Another close call came the following winter after Patty was born.
“We had just come from getting the mail at the office,” Dorine recalled, noting that daughter Jan, then 5, and a young friend wanted to play outside in the snow a little while.
“They were sliding down the snowbank when she went into the river,” she said. “I remember running through knee-deep snow to the river.
“She was clinging to the tree roots sticking out of the bank,” she added. “I pulled her out and put her into a lukewarm tub, then gradually warmed it up for her. I made her go lay down. Then I called Emil to come home and be with me for a moment. I was so upset.”
Then there was the time a bear was hounding the Union Creek District compound.
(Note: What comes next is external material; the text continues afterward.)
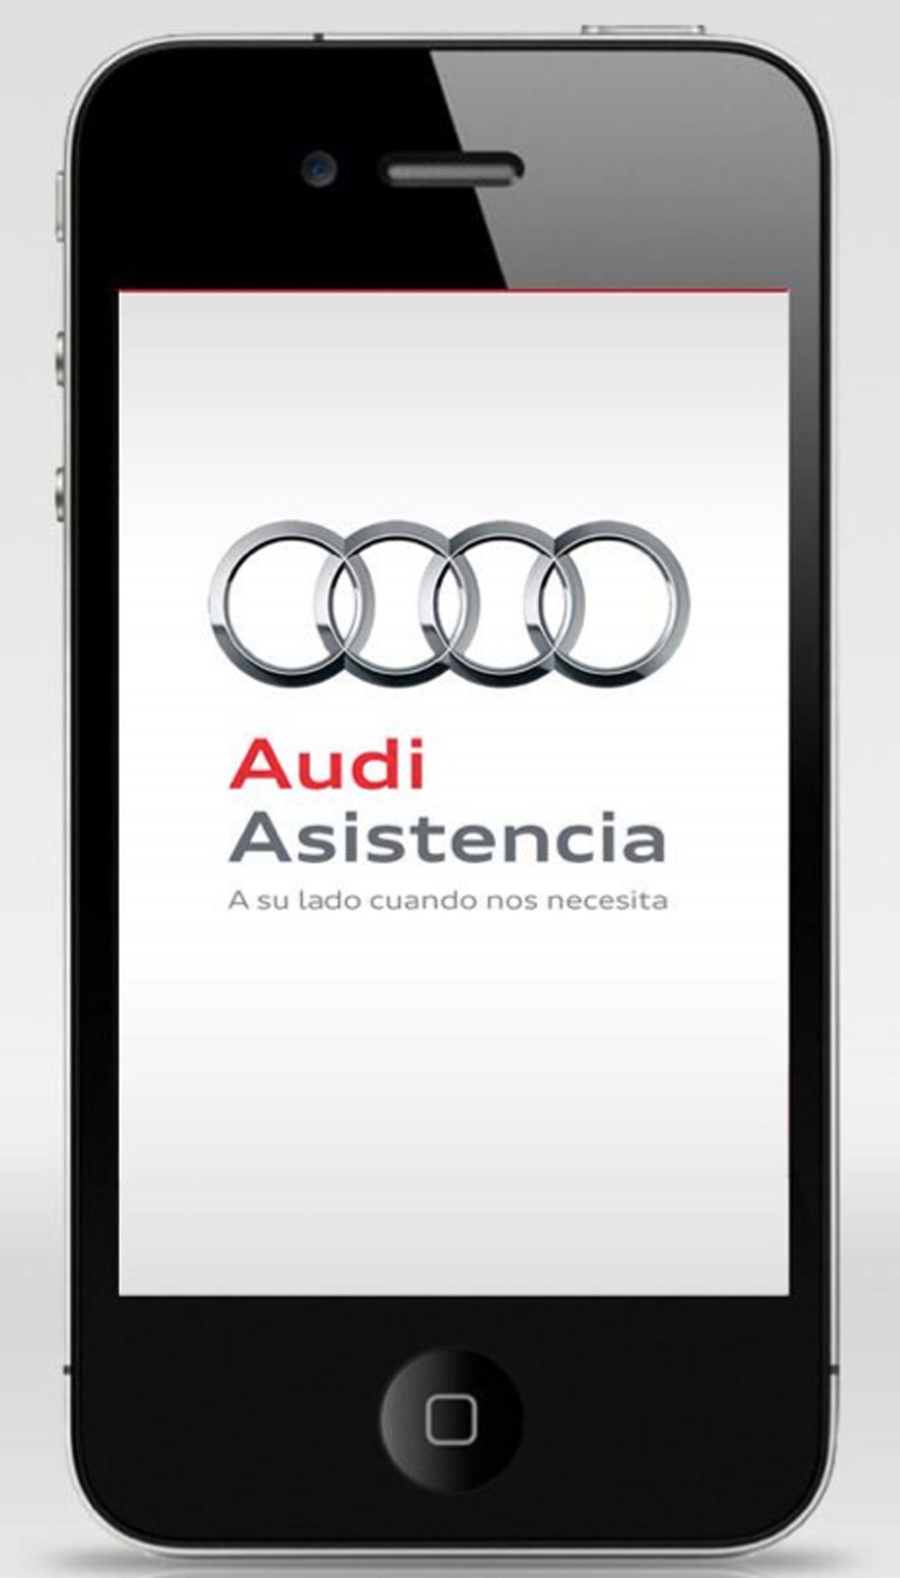 Audi lanza una aplicación para smartphones que facilita la asistencia técnica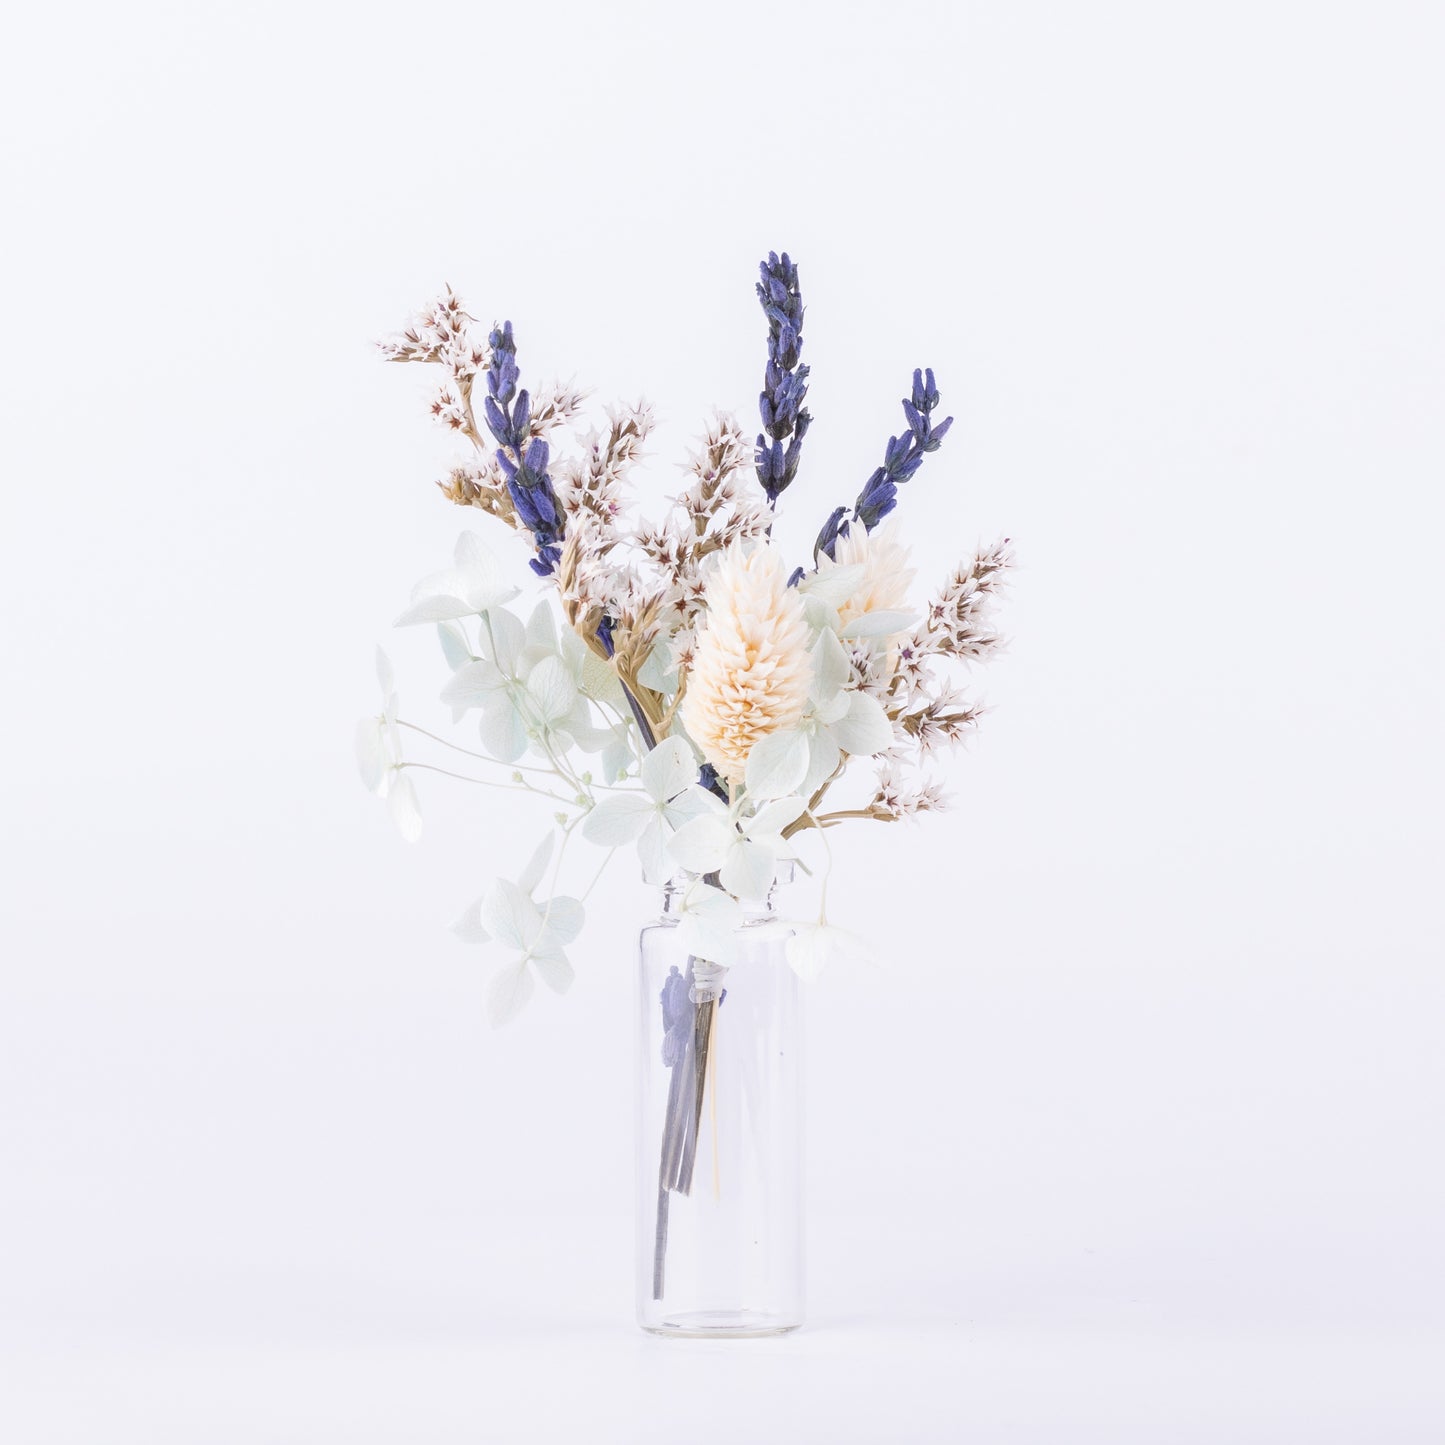 Kleiner Blumenstrauß mit Vase und Geschenkverpackung - Geschenk für Hochzeit und Geburtstag

The district staff borrowed a live trap from the Crater Lake National Park staff, baiting it with bacon and other goodies.
“The crew was very intent on getting the bear, but I told them not to shoot it,” Emil said. “But we could never get the bear to go into the live trap. He continued to raid the garbage cans.
“Well, the bear finally made a big mistake — he went over to Beckie’s,” he added. “About 3 o’clock in the morning he started scratching on the porch. That’s when they nailed him.”
Two waitresses at the restaurant, both accomplished hunters, shot the bear with a .300 Savage and a .32 Special, he said.
“When I came down for coffee early in the morning, those two women already had that bear skinned out,” he said.
While Emil served as ranger, the district was producing roughly 125 million board feet of timber a year, making it one of the top timber producers in the West. That amount is more than twice what the entire Rogue River-Siskiyou National Forest now harvests annually.
It was during a national building boom when the agency was focusing on timber production, he noted.
“We had a good relationship with the national park people,” he said. “I remember they referred to our cuttings as ‘harvest areas’ instead of ‘clearcuts’ or ‘damned clearcuts.’ They recognized what our mandate was.”
However, he noted the district’s proximity to the park helped guide forest management in both Union Creek and Prospect districts.
“That highway from Prospect all the way to the park, nobody would have dreamed of doing anything but cutting danger trees and enhancing the look of the woods,” he said. “We felt a responsibility to have a good entrée into the national park.”